Drops of good health
The multi-tasking character of extra virgin olive oil emerges from an analysis of its health properties, which have been demonstrated by numerous scientific studies. That’s down to the mix of 230 different subtances that it contains, their presence preserved by the use of exclusively mechanical extractive techniques, carried out at low temperatures. New information about the fundamental health benefits of these substances emerges every day. For a start, they protect the arteries by helping to maintain normal levels of cholesterol in the blood. Olive oil is a rich source of antioxidants, including vitamin E, tocopherol and various phenolic compounds. These are all molecules that protect our bodies against premature ageing by combatting free radicals.

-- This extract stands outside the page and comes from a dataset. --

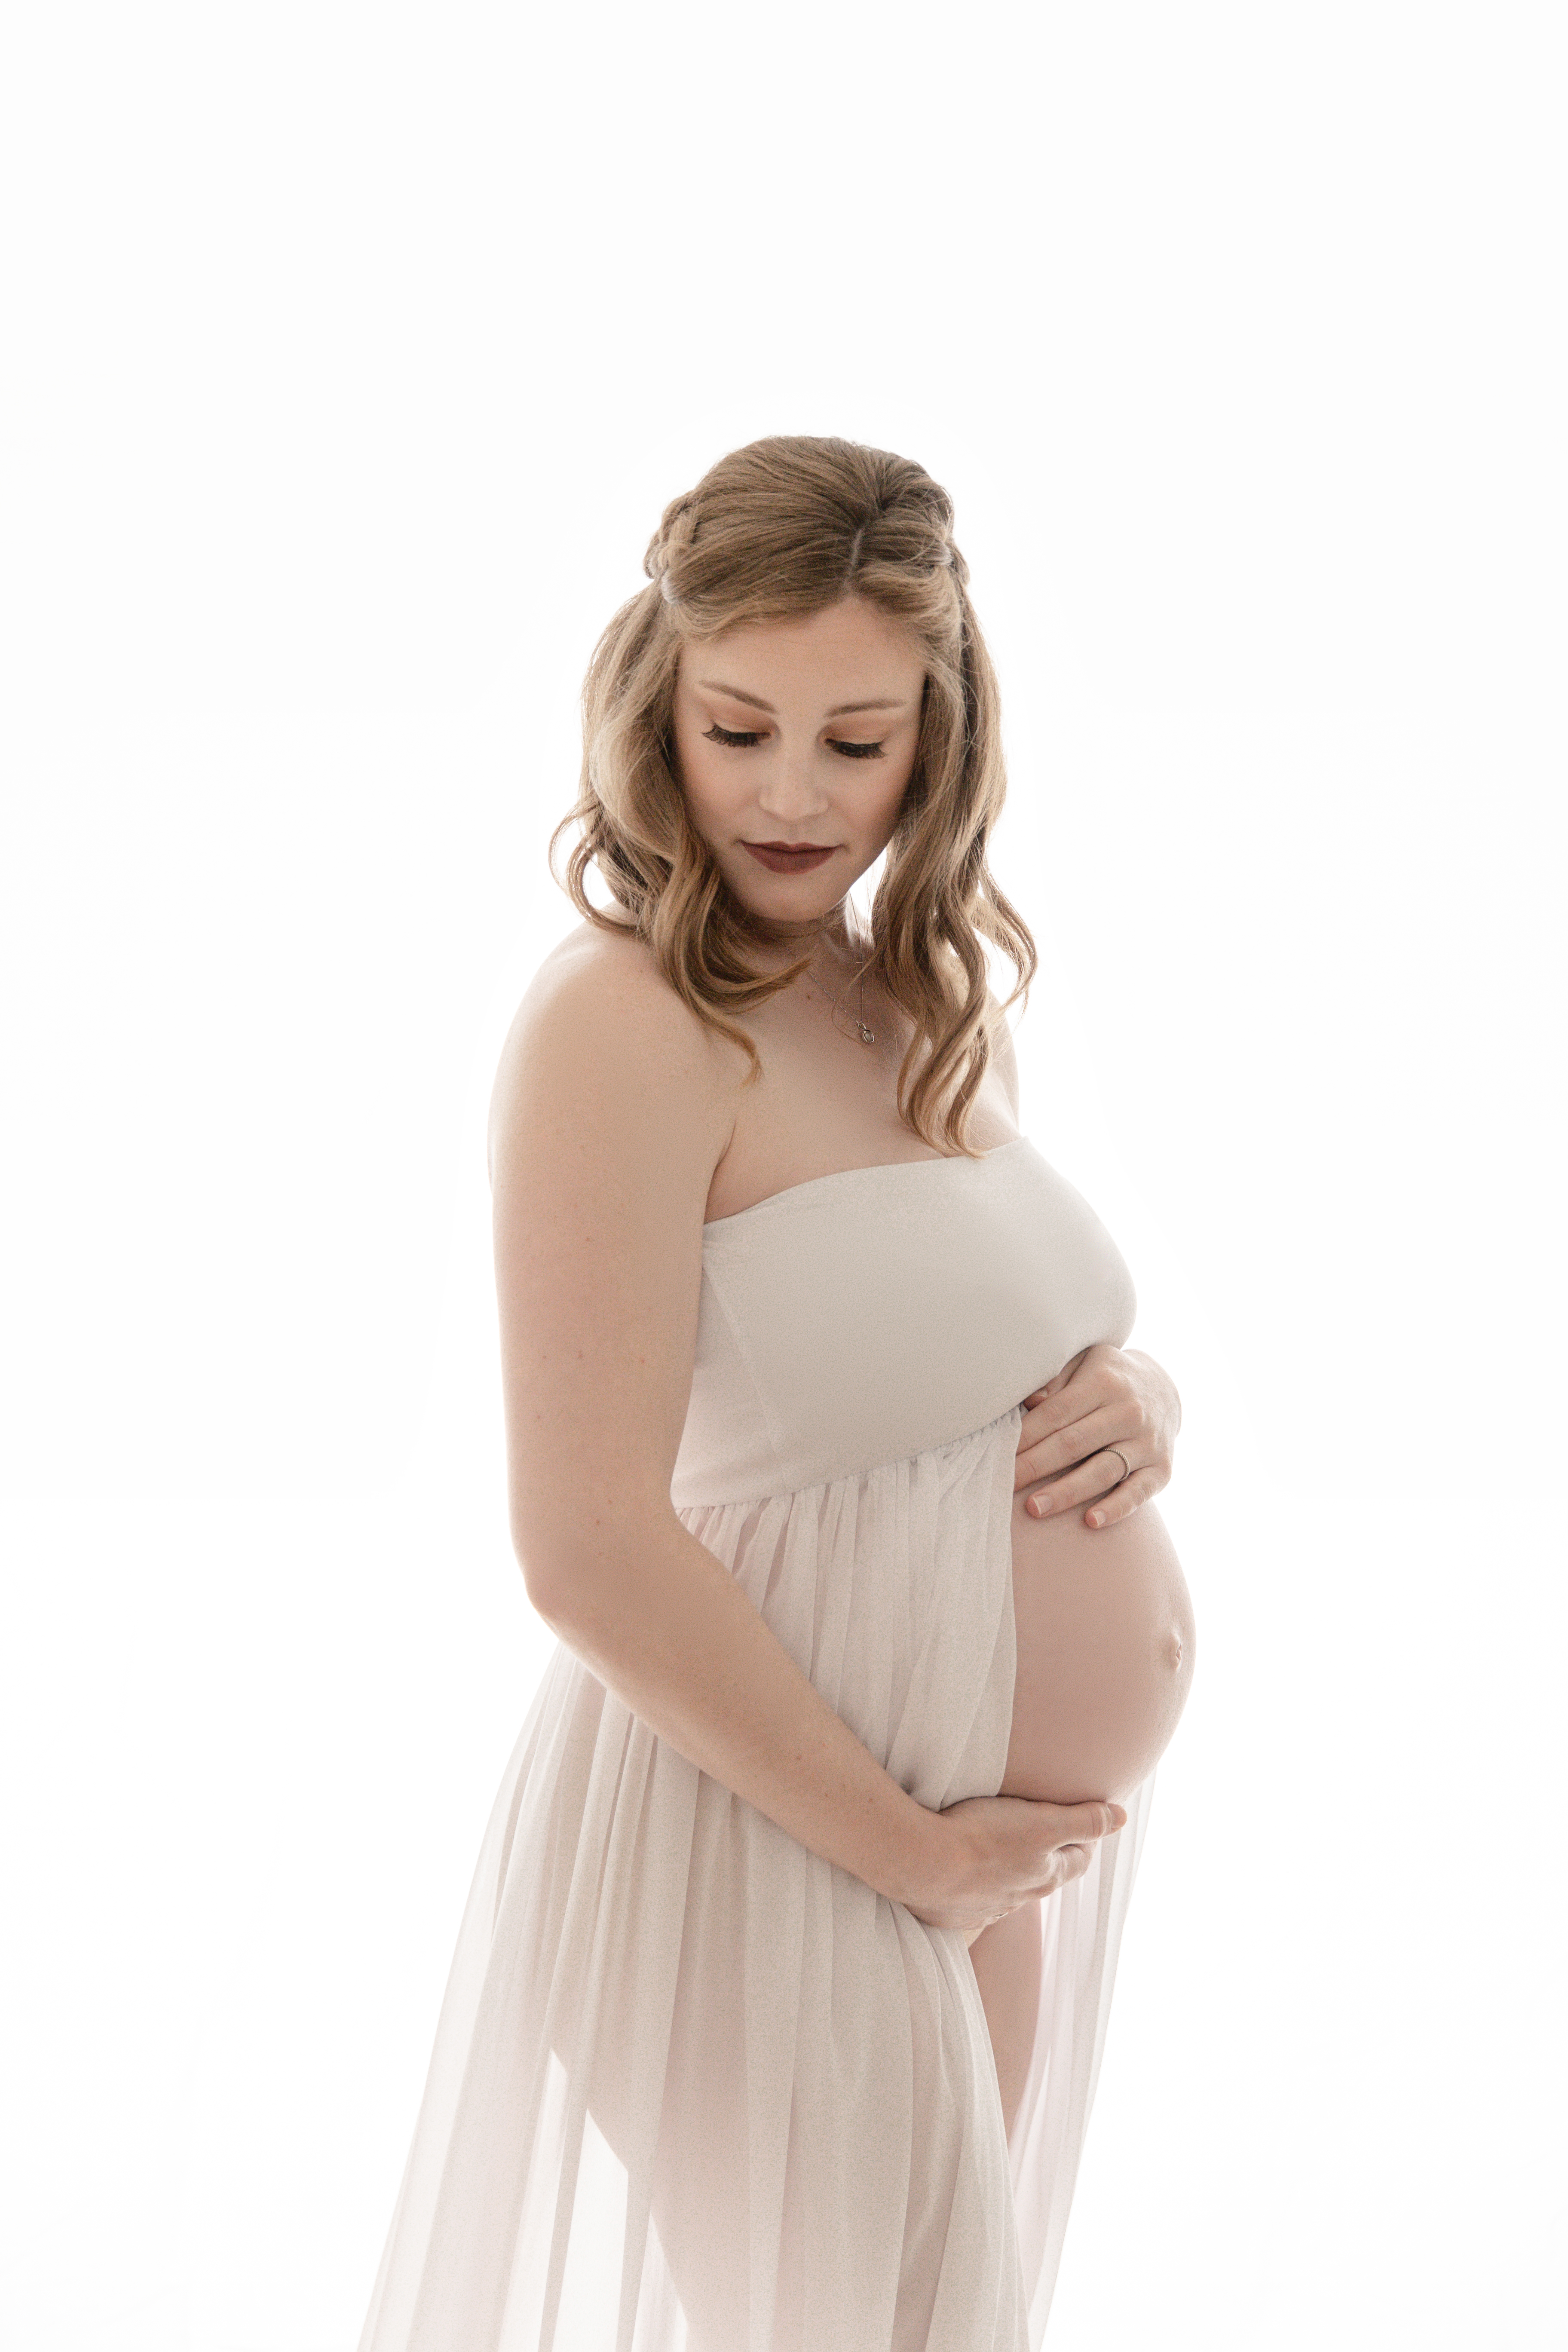 a pregnant maternity model infront of a white backdrop

A completely natural fount of well-being always at our disposal that can be incorporated in a balanced way into a correct regime of daily nutrition.
A beauty treatment
Olive oil is not confined to the four walls of the kitchen. Harvesting olives in the silence of the countryside can offer a special antistress experience, far from the daily routine of life in the metropolis: even Sting has organised days for unwinding on his country estate, with harvesting basket in hand. Olive oil can also be used as a cosmetic product, a practice that goes back 7,000 years. Returning to the Ixè study, 20% of world consumers buy extra virgin olive oil for aesthetic and curative purposes, with particular interest from Asia. Thanks to its vitamin content, olive oil is perfect for skin treatments, as its nutrient properties favour cell regeneration, increase elasticity and heal blemishes.